The entry of Iraqi refugees to neighbouring countries has
placed a growing strain on health, education and social
services in the two countries.
Only 60 per cent of the four million people who depend on
food assistance have access to rations from the
government-run public distribution system, down from 96 per
cent in 2004, the report said.
The number of Iraqis without access to adequate water
supplies has risen from 50 per cent to 70 per cent since
The lack of effective sanitation was also highlighted by the
joint report, which said 80 per cent of people in Iraq did
not have safe access.
The report said children were the hardest hit by the fall in
living standards, stating child malnutrition rates have
risen from 19 per cent before the US-led invasion in 2003 to
28 percent currently.
"Despite the constraints imposed by the government of Iraq,
the UN and the international donors can do more to deliver
humanitarian assistance to reduce unnecessary suffering,"
the report said.
One recommendation called for the government of Nuri al-Maliki,
Iraq's prime minister, to decentralise the distribution of
aid to local authorities, and make it easier for civil
society organisations to operate.
Meanwhile in Iraq, officials from the US military say they
have seen a drop in US troop deaths in July.

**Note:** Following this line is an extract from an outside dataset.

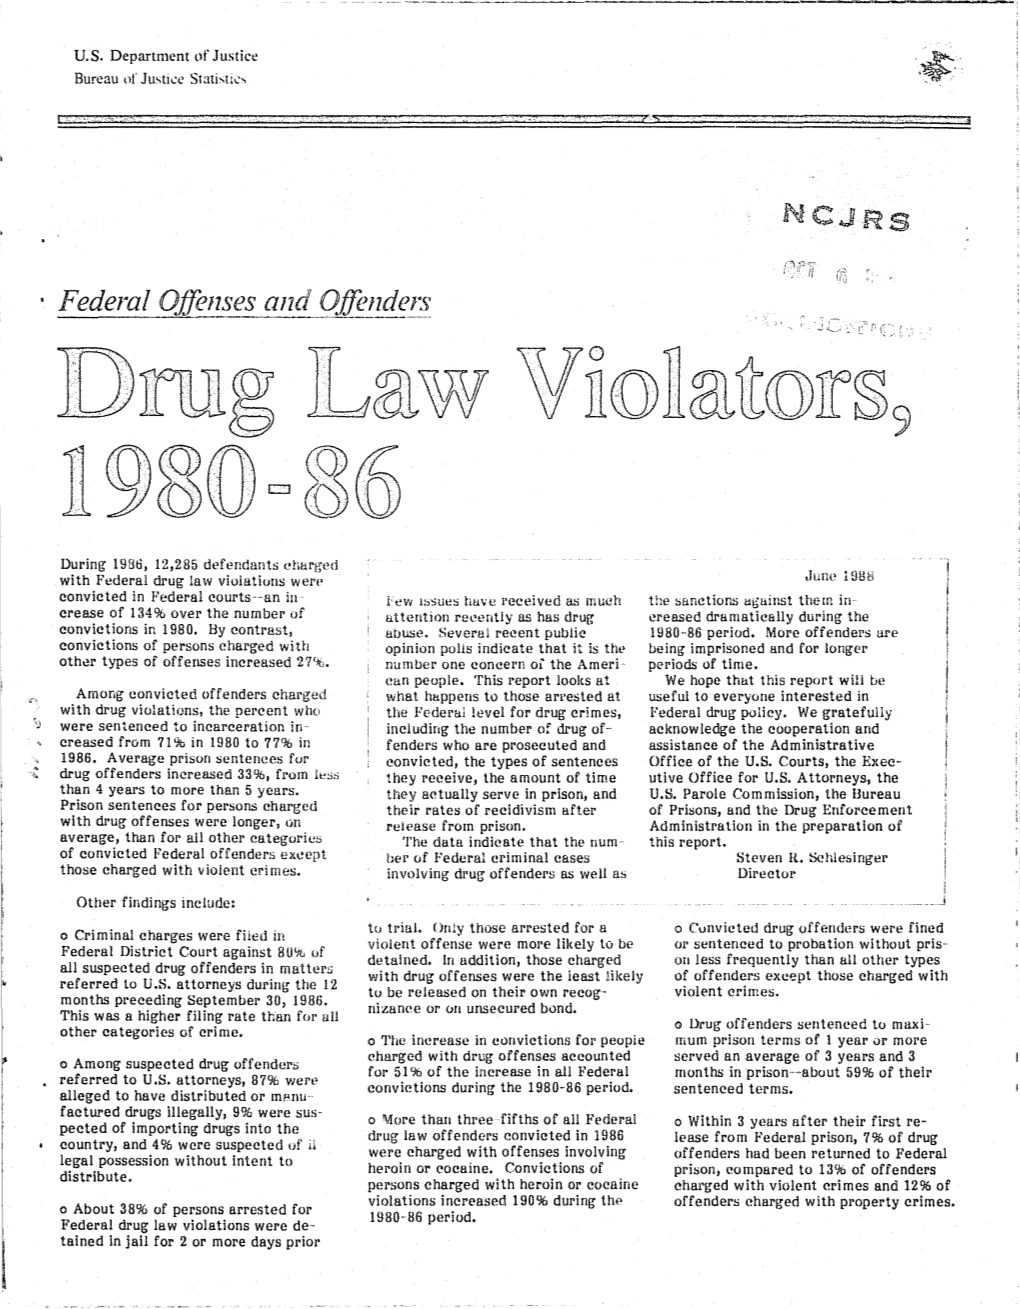 Drug Law Violators, 1980-86

In April, the number of US soldiers who died was 104,
increased sharply in May when 126 servicemen died, and
decreased slightly with 101 troops dead in June.

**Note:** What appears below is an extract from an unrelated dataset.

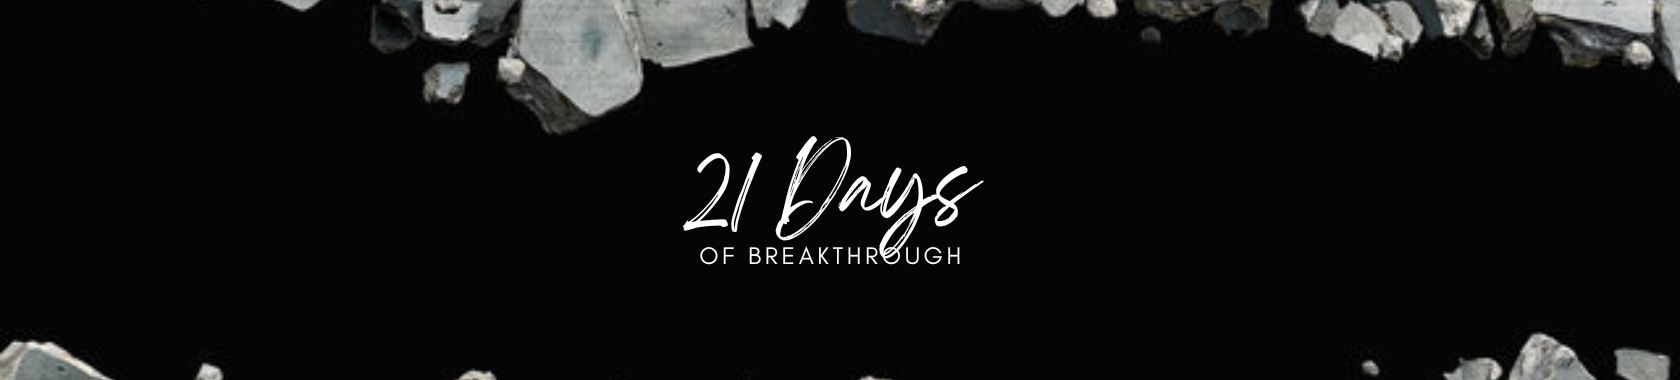 21 Days of Breakthrough Sermon Series

For the month of July, at least 69 US soldiers have died,
about half the casualties in May.
Iraq's police say the number of civilian deaths also
decreased by 36 per cent, from an estimated high of 1,900 in
May to 1,342 in June.
General David Petraeus, the US commander in Iraq, said: "The
sheikhs and the tribes and the leaders have banded together
and made a decision to oppose al-Qaeda and that has resulted
in a substantially improved security situation."
Despite what appears to be at least a temporary let-up in
both military and civilian deaths, many say there will be no
security without a stable Iraqi government.